In order to produce a stable PBX composition based on a polysiloxane binder, it is necessary to increase the interaction between the explosive crystals and the polymer. The first method may be to use organosilicon polymers with lateral groups that will create hydrogen bonds with the nitro groups of the explosive. The second method may be to use bonding agents that are commonly used in PBX and rocket propellants. The role of bonding agents is to adsorb on the surface of the explosive crystals and create chemical bonds with the binder [38]. Bonding agents such as aziridine derivatives, hydantoin derivatives, borate esters, isocyanurates, ferrocene derivatives and others are described [43,44].
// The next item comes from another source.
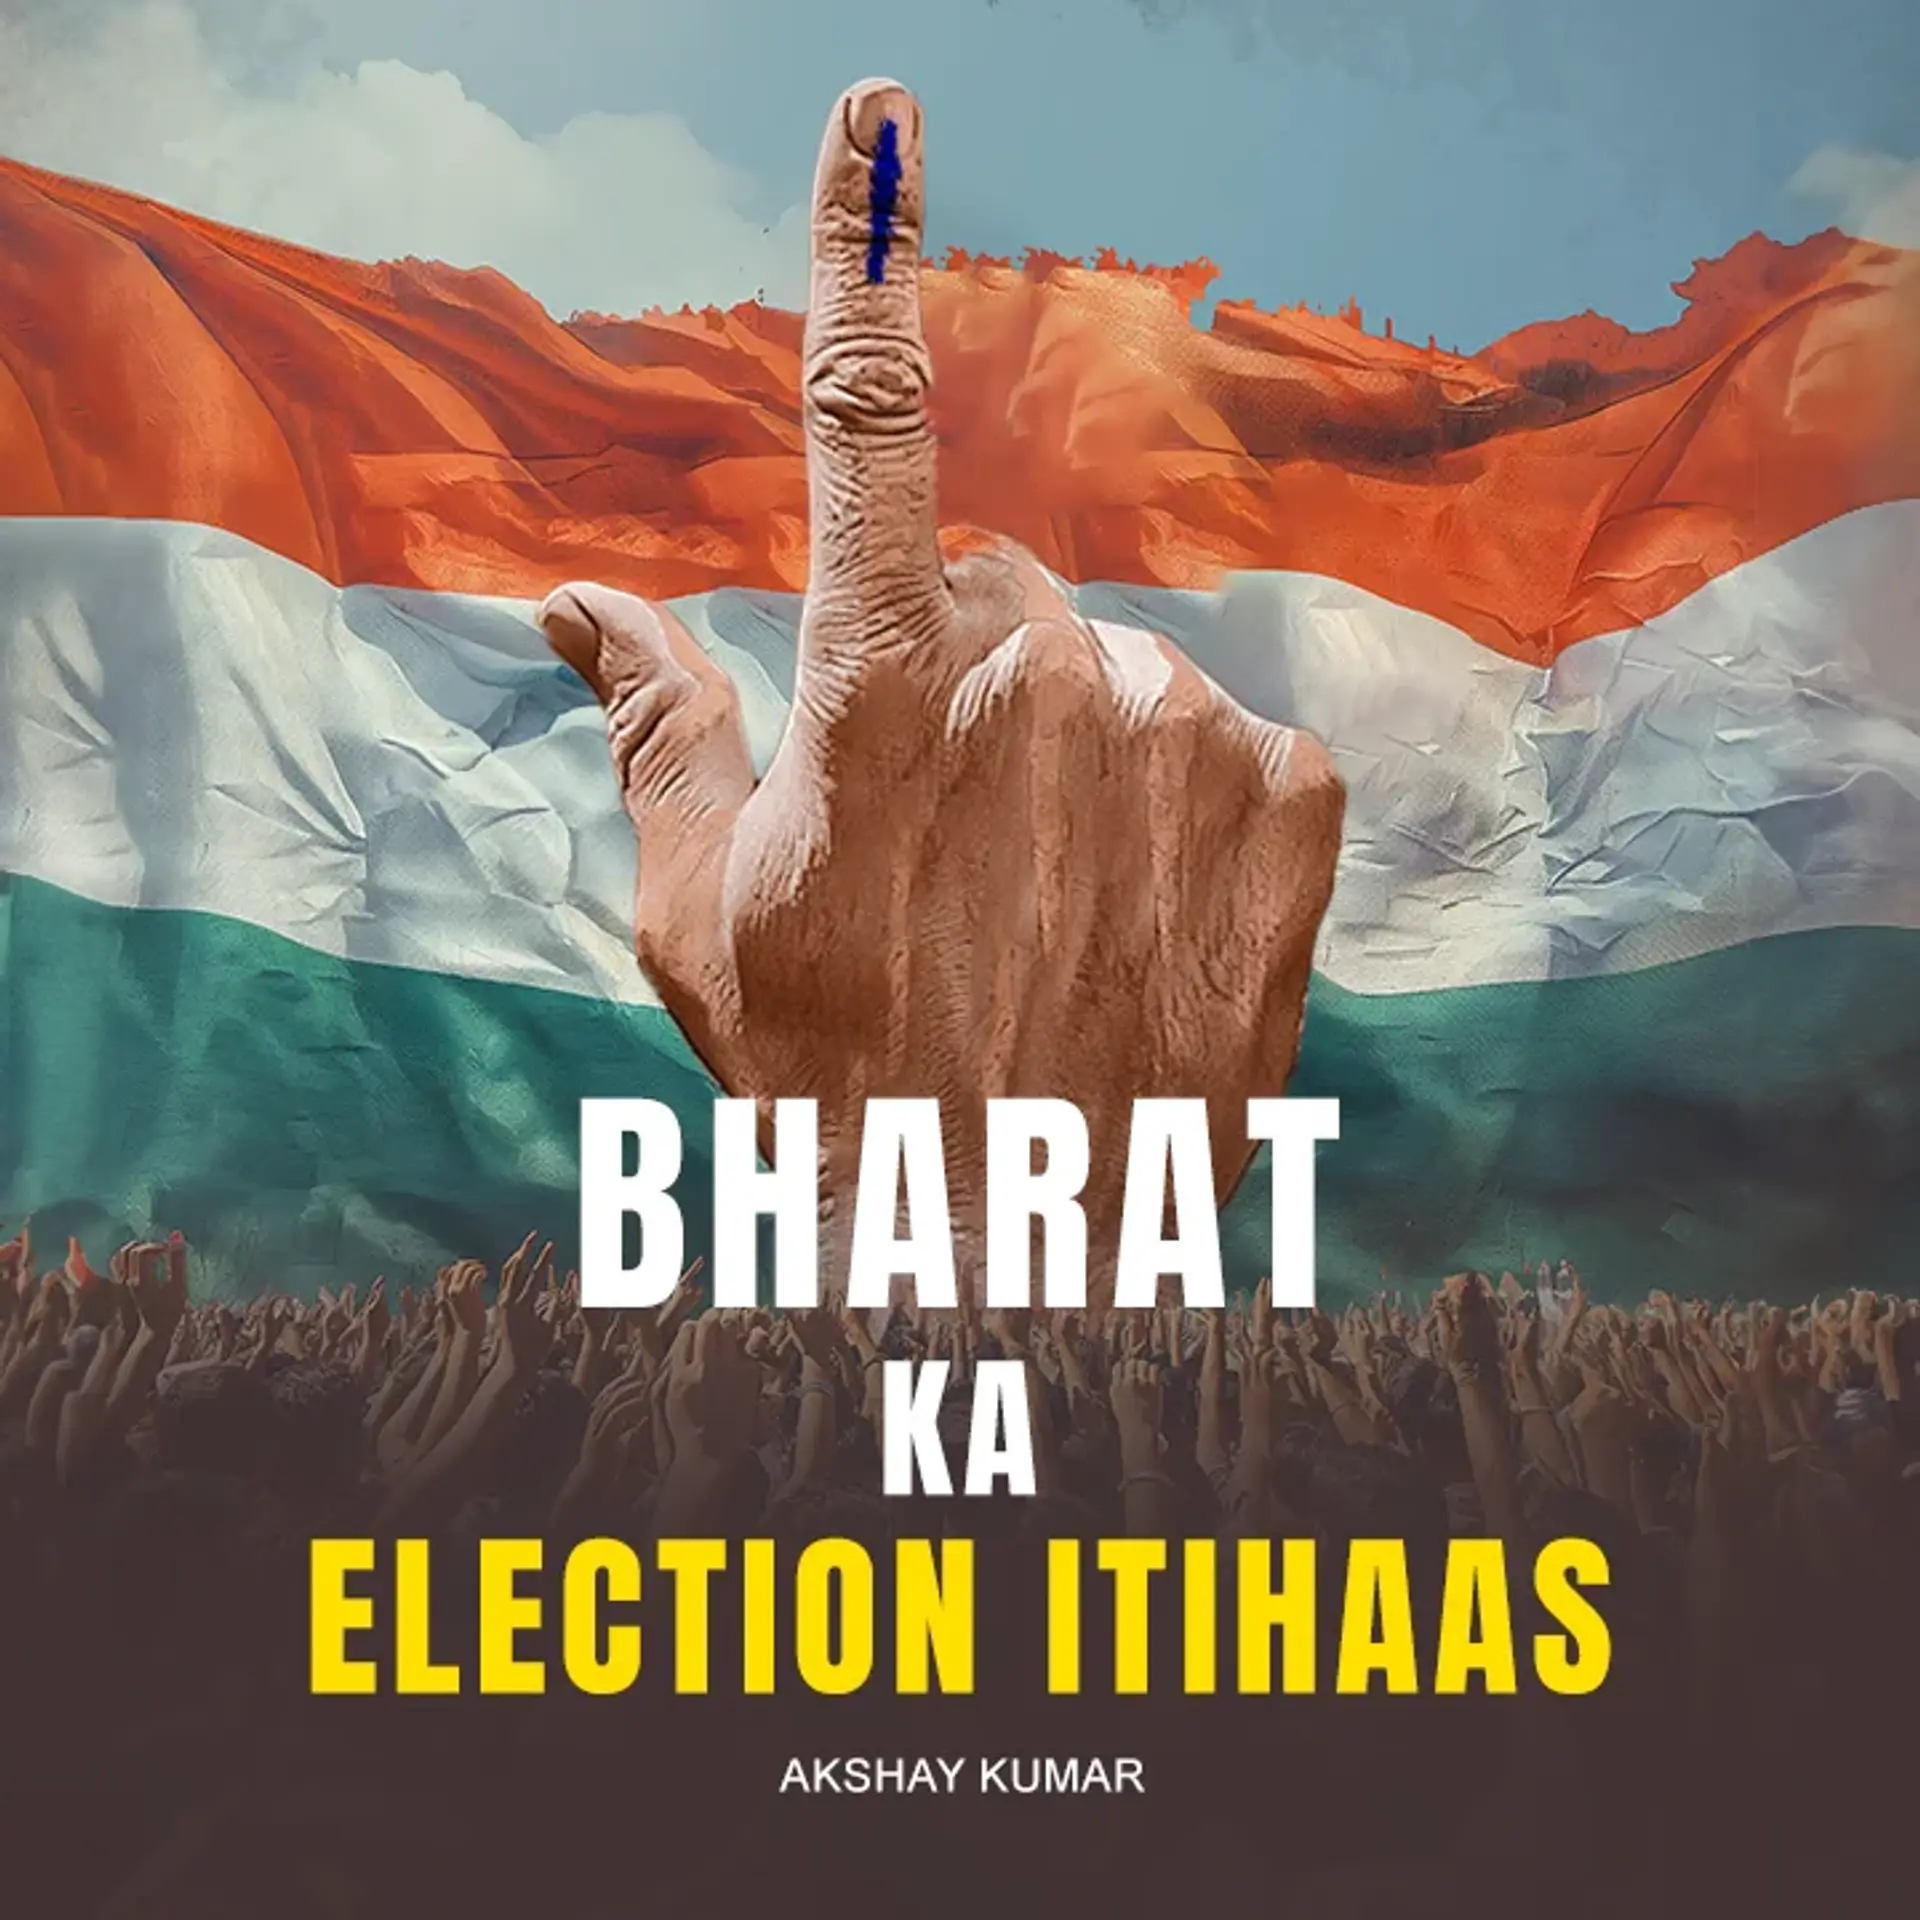 Bharat ka Election Itihaas |

Another important ingredient that is used in binder systems and that may help with the good implementation of polysiloxanes is a wetting agent (surfactant), e.g., lecithin [38]. Compounds of this type have in their structure polar and nonpolar parts that lower interfacial tension between solid and liquid ingredients of PBX or rocket propellants. In the silicone binder systems, it might be necessary to use siloxane surfactants, which, due to their unique properties, are used in polyurethane foams, the textile industry, cosmetics and paints [45]. Siloxane surfactants may have different chemical structures with different polar groups, such as polyoxyethylene (nonionic), sulfate (anionic), quaternary ammonium salts (cationic) or betaines (zwitterionic). The hydrophobic part of siloxane surfactants comprises permethylated siloxane groups, e.g., a polysiloxane chain, trisiloxane or cyclotetrasiloxane [45]. An example of a siloxane surfactant is polydimethylsiloxane grafted with poly(ethylene oxide) (Figure 7).

In the silicone industry, silica (SiO₂) is a popular filler. To improve the interaction of the inorganic filler with polysiloxane, alkoxy-functional silanes (dispersion stabilizers) are used [46]. Compounds of this type usually have in their structure three alkoxy groups attached to a silicon atom and a fourth group in the form of an aliphatic chain functionalized with amino, epoxy, carbamic groups, etc. (Figure 8).
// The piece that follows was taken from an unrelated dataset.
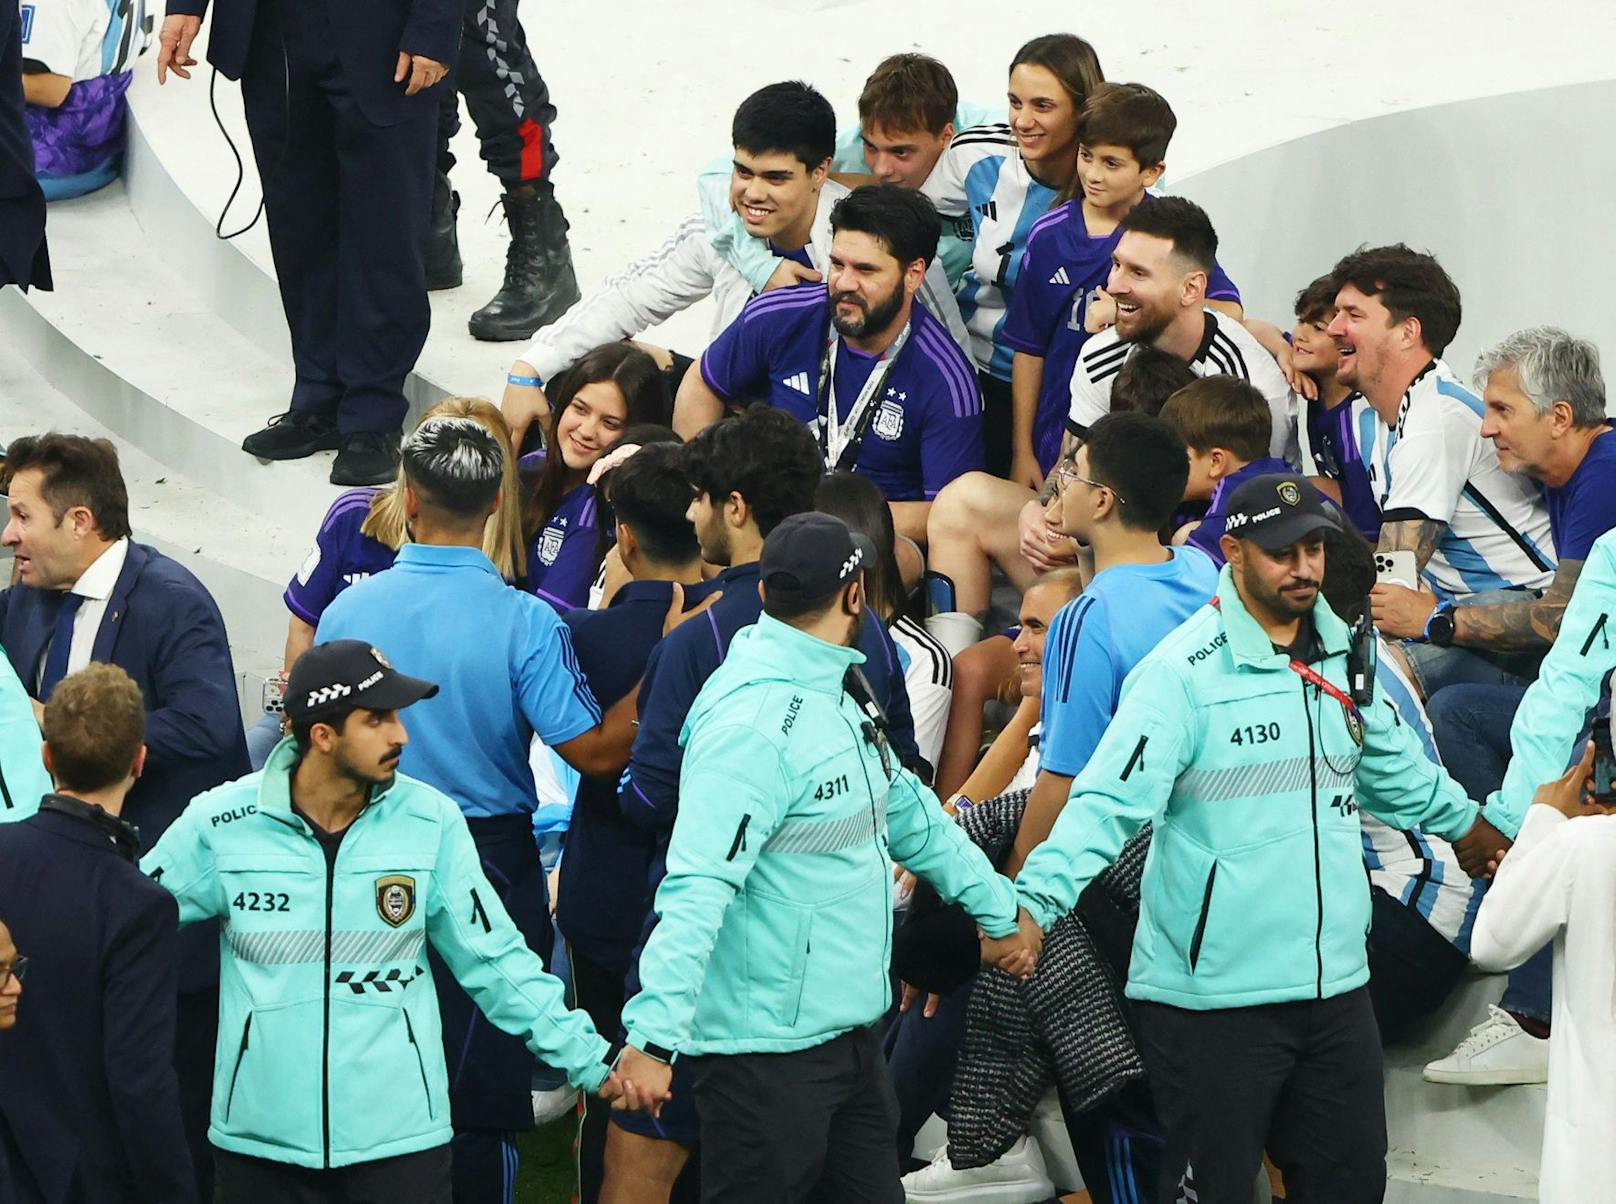 Der Messi-"Clan" wird bei den gemeinsamen Pokal-Fotos von einer menschlichen Sicherheits-Kette abgeschirmt.

Alkoxy groups react with hydroxyl groups on the silica surface to form oxygen bridges (the by-product being alcohol), while the functionalized aliphatic group interacts with polysiloxane. Of course, on the surface of the explosive crystals, there are no hydroxyl groups capable of reacting with alkoxysilanes. The solution to this problem may be coating crystals with a layer of a substance with hydroxyl groups, e.g., poly(vinyl alcohol) (PVA, Figure 9).

The authors of [47] conducted similar tests on the functionalization of explosive crystals’ surfaces using polydopamine (PDA). The functional groups derived from polydopamine were then used to make grafted copolymers with other polymers: poly(glycidyl azide) (GAP), poly(ethylene glycol) (PEG) and polytetramethylene ether glycol (PTMEG). The polymers mentioned could be replaced by, e.g., polydimethylsiloxane terminated with hydroxyl groups (Figure 10). Isocyanates such as 1,1′-methylenebis(4-isocyanatobenzene) (MDI), 2,4-diisocyanato-1-methylbenzene (TDI) and 1,6-diisocyanatohexane (HDI), which are commonly used in the production of polyurethanes [48], can act as a link between polymers.

4. Conclusions

Polysiloxanes are an interesting group of polymers whose potential use in explosive compositions has already been considered in the past. Due to their very low glass transition temperatures, high thermal resistance and low reactivity, they would make a very good component for PBXs. The obstacle to the wider use of silicones in explosive compositions is their low affinity for explosive crystals. However, this is a problem that can be solved using simple steps. One possible solution is the functionalization of the explosive crystal’s surface. Polysiloxanes are not devoid of drawback compounds, but studies devoted to eliminating their negative properties may eventually lead to interesting results.